How to pass audio stream recorded with WebRTC to Google Speech api for realtime transcription? - webrtc

What I'm trying to do is get real time transcription for video recorded in the browser with webRTC. Use case is basically subtitles in real time like google hangouts has.
So I have a WebRTC program running in the browser. It sends webm objects back to the server. They are linear32 audio encodings. Google speech to text only accepts linear16 or Flac files.
Is there a way to convert linear32 to linear16 in real time?
Otherwise has anyone been able to hook up webRTC with Google speech to get real time transcriptions working?

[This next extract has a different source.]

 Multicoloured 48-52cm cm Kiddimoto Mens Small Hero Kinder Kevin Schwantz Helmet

Any advice on where to look to solve this problem would be great

Check out this repository it might help you - https://github.com/muaz-khan/Translator
Translator.js is a JavaScript library built top on Google Speech-Recognition & Translation API to transcript and translate voice and text. It supports many locales and brings globalization in WebRTC!

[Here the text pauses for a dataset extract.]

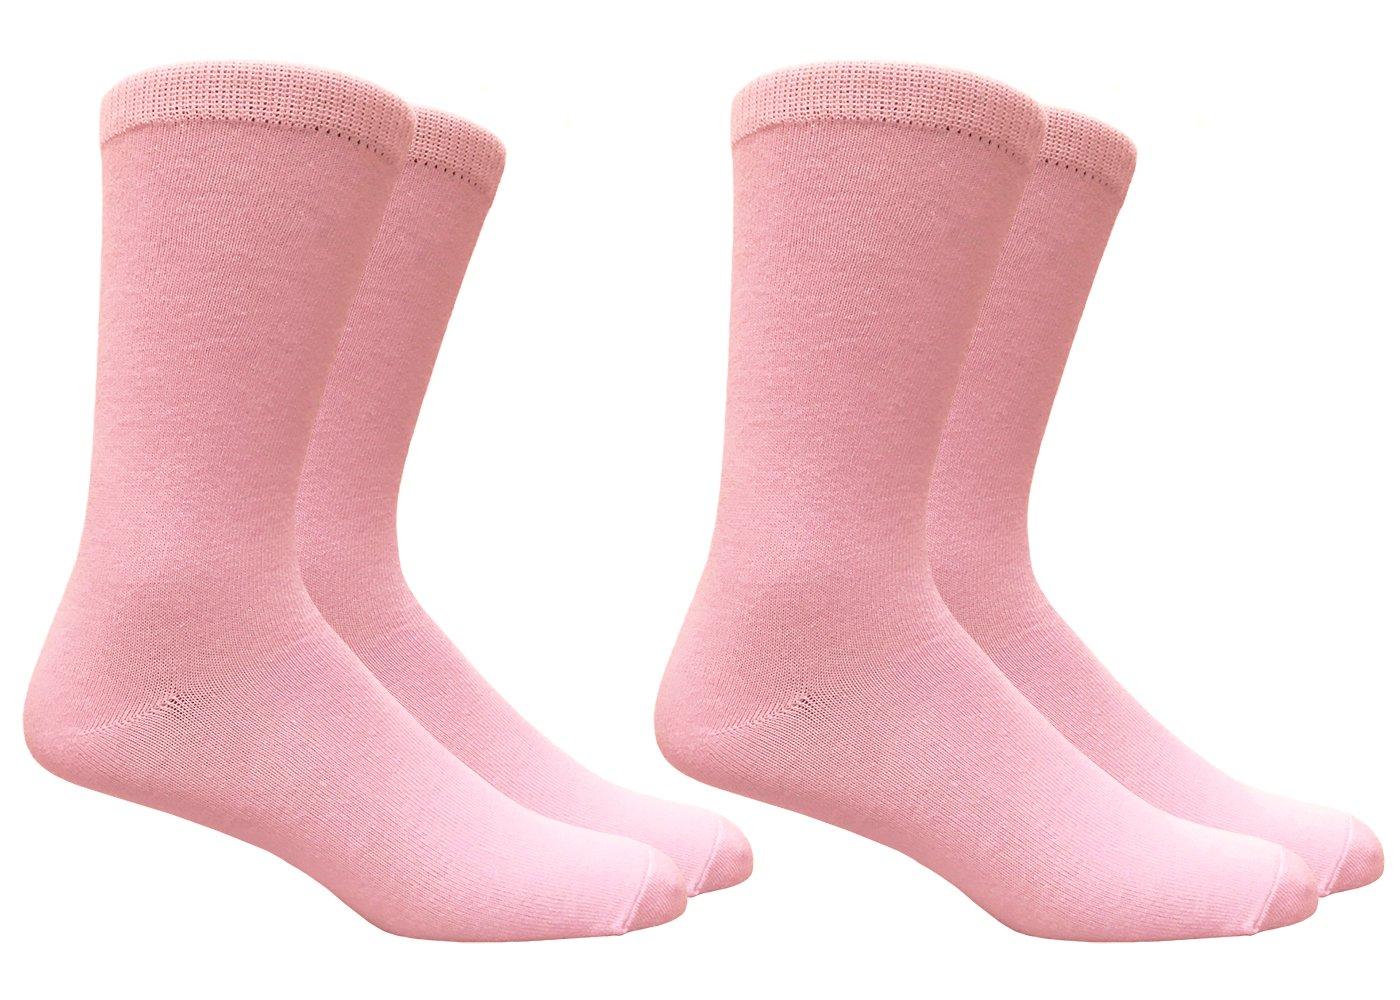 Men's Pink Trouser Dress Socks - 2 Pairs

I had the same problem and failed with webRTC. I recommend you use the Web Audio Api instead if you are just interested in transcribing the audio from the video.
Here is how I did it with a nodejs sever and react client app. It is uploaded to github here
You need an audio worklet script. (Put it in the public folder because that is where the API expects to find it)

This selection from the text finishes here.